I suppose performance issues could occur when you have big applications with a lot of plugins that export a lot of packages. But I would like to see some benchmarks before making decisions. Would be really interesting to hear from people that are saying to always use Require-Bundle.
Am 28.03.2016 21:48 schrieb "Daniel Megert" <
daniel_megert@xxxxxxxxxx>:
> @Dani
> Do you have any benchmarks that compare those two dependency approaches?
You ask the wrong person - I did not
make any performance related statements.
Dani
From:
Dirk Fauth <dirk.fauth@xxxxxxxxx>
To:
"Eclipse Platform
UI component developers list." <platform-ui-dev@xxxxxxxxxxx>
Date:
28.03.2016 21:28
Subject:
Re: [platform-ui-dev]
Policy of the Platform projects with regards to tests accessing non-public
members
Sent by:
platform-ui-dev-bounces@xxxxxxxxxxx
I don't know about performance issues with Require-Bundle.
Haven't looked at it from that point. If Require-Bundle is better in performance than preferring
ALWAYS one approach is wrong. Using Require-Bundle wouldn't be dynamic
which means you can not exchange implementations. For example you can not
exchange the logging implementation when using Require-Bundle, this only
works with Import-Package. Probably a good rule could be to use Import-Package
for third-party libraries that should be exchangeable and Require-Bundle
for application bundles that are not intended to be exchanged?
@Dani
Do you have any benchmarks that compare those two dependency approaches?
Am 28.03.2016 17:37 schrieb "Stefan Xenos" <sxenos@xxxxxxxxx>:
> The Require-Bundle stuff introduces more
> problems than it tries to solve.
You know, that's a funny thing.
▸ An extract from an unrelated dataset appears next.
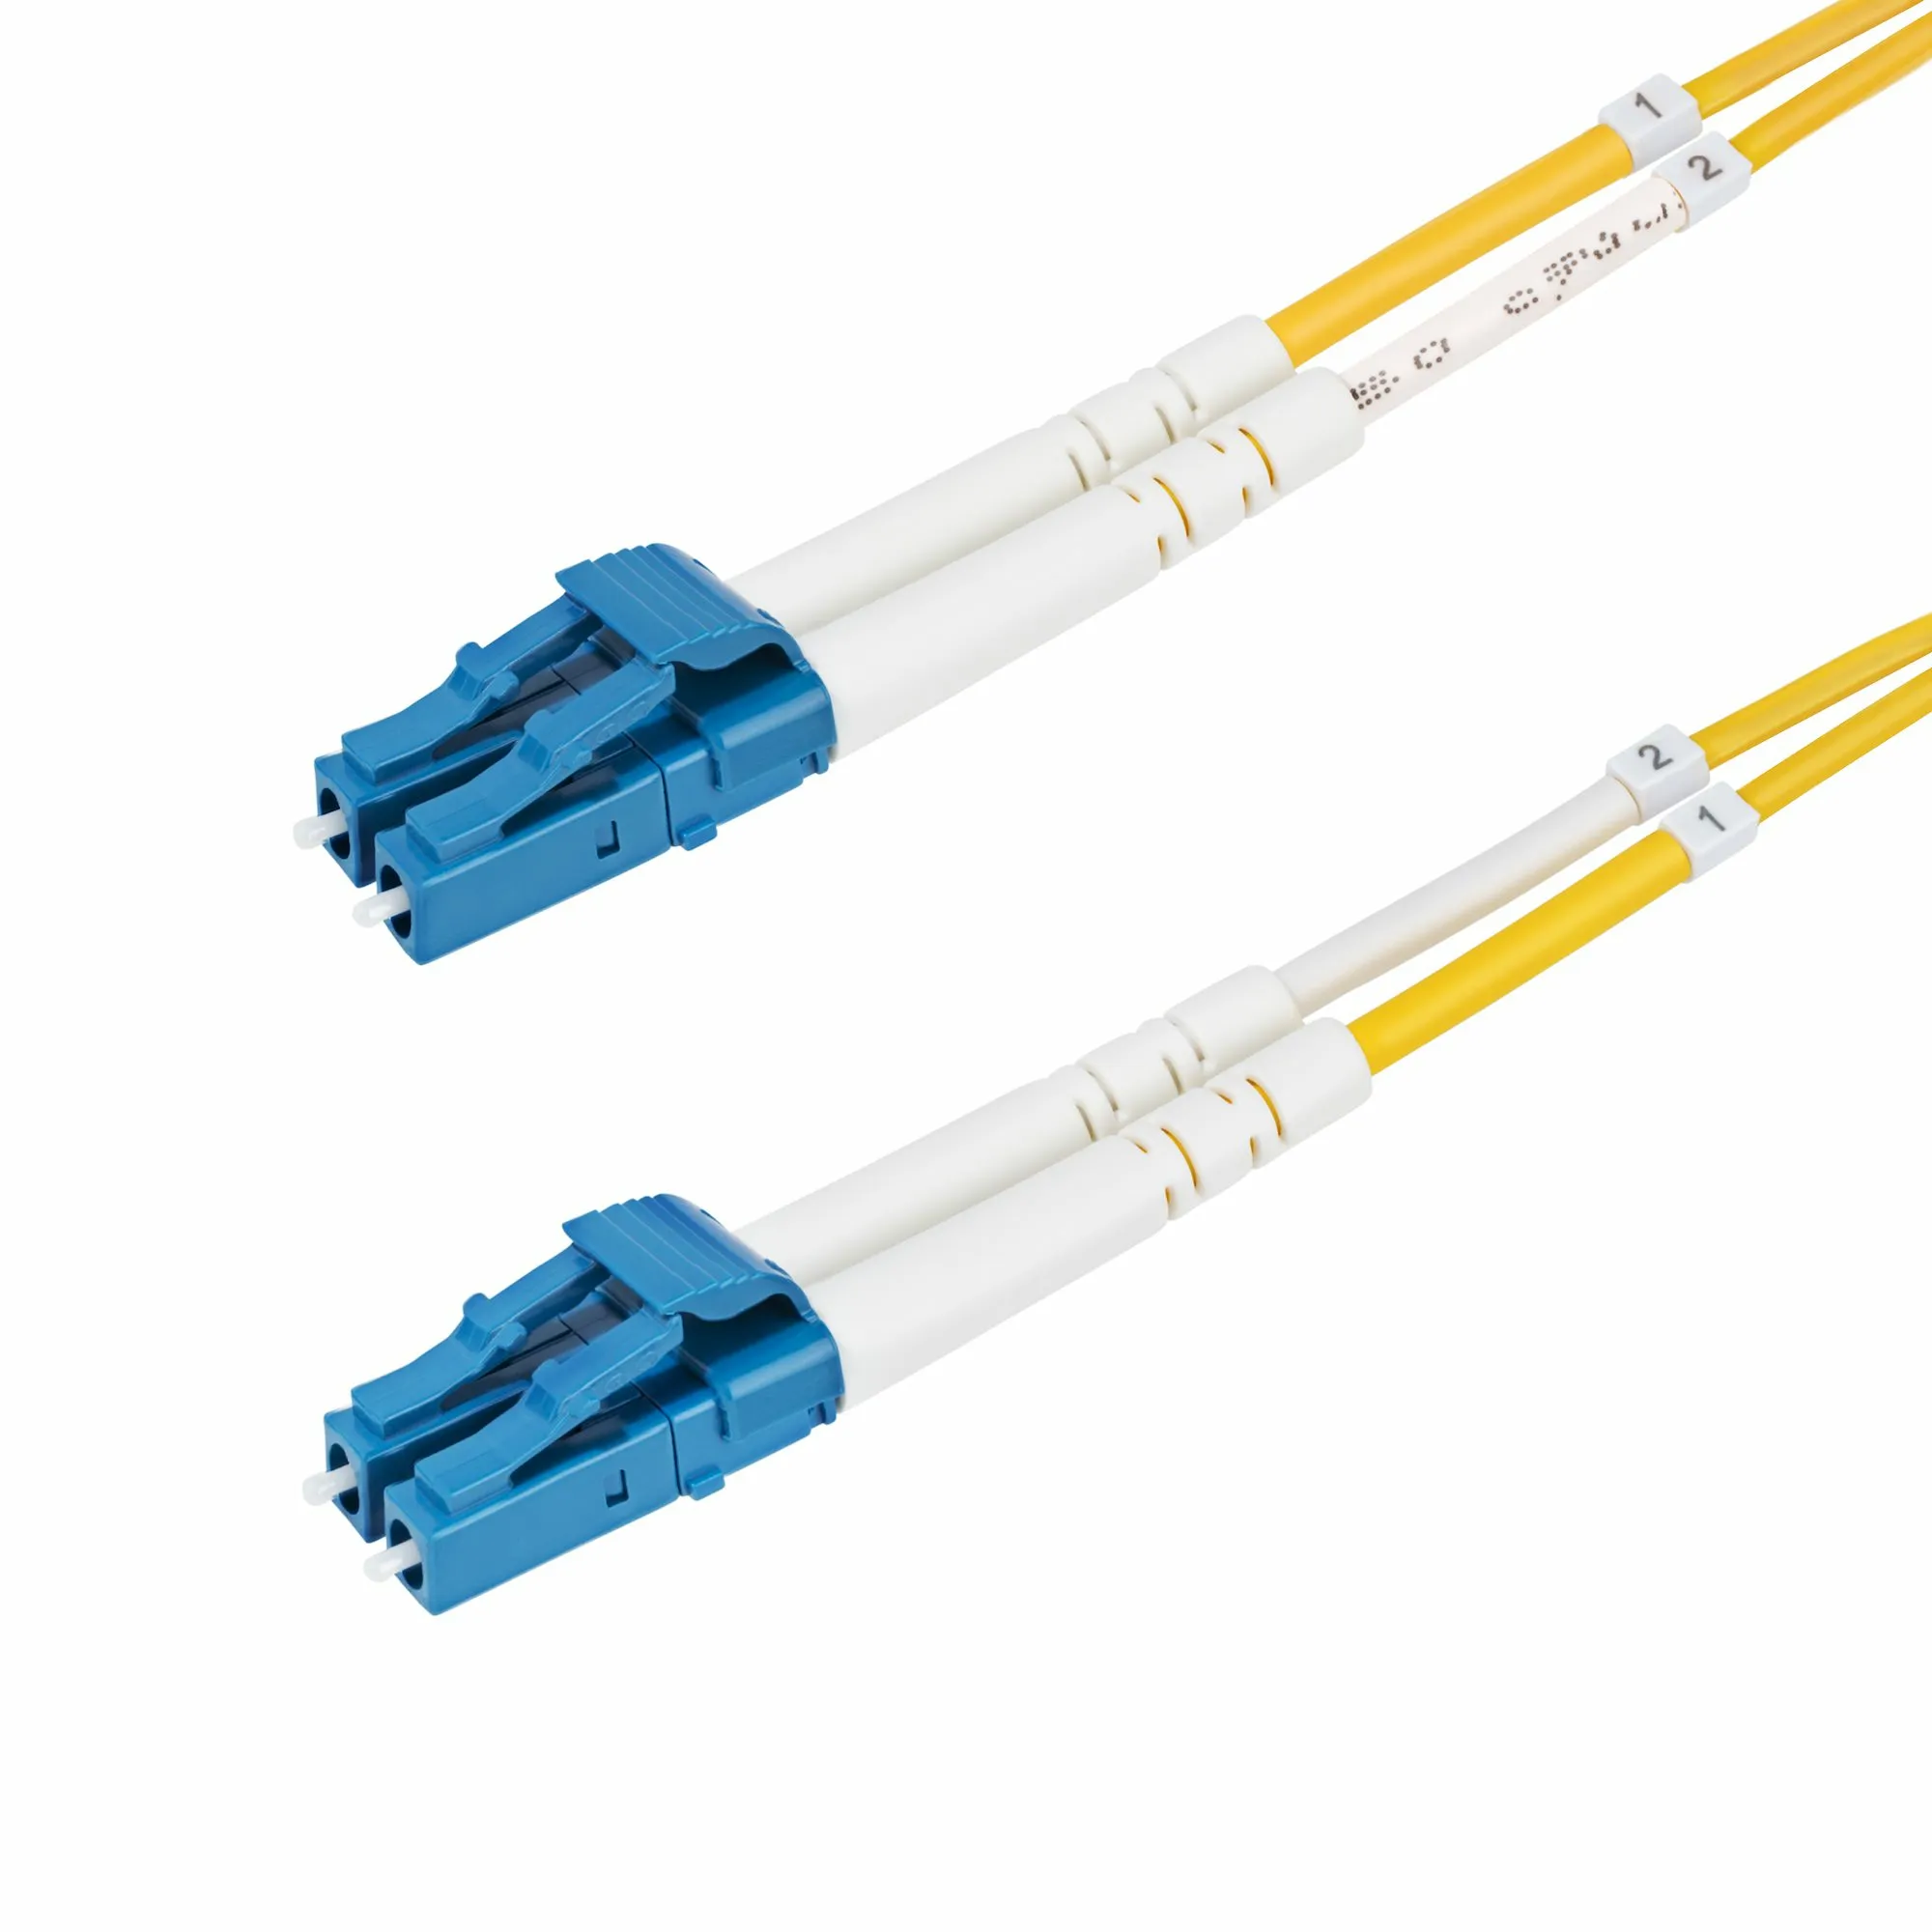 Achat StarTech.com Câble Fibre Optique de 2m Duplex Monomode au meilleur prix

At EclipseCon I attended
a couple talks where people said you should never use Require-Bundle and
a couple talks where people said you should always use it.
The argument against Require-Bundle was that you can get
class name conflicts if you put identical jar files in two plugins with
different names.
The argument against Require-Package was that it was much
slower than Require-Bundle and slowed down startup time for large numbers
of plugins.
If the performance claims are true (I haven't confirmed
them), I have to say the argument in favor of Require-Bundle sounds much
stronger. The name conflicts only occur if you don't use a consistent naming
scheme so are largely only a theoretical problem (and even if it shows
up, it can be fixed by applying a consistent naming scheme). But the performance
problems were seen by end users in the real world and have no workaround.
- Stefan
On Mon, Mar 28, 2016, 6:03 AM Daniel Megert <daniel_megert@xxxxxxxxxx>
wrote:
Sorry to chime in late.
Existing plug-ins should not be converted to fragments as mentioned before.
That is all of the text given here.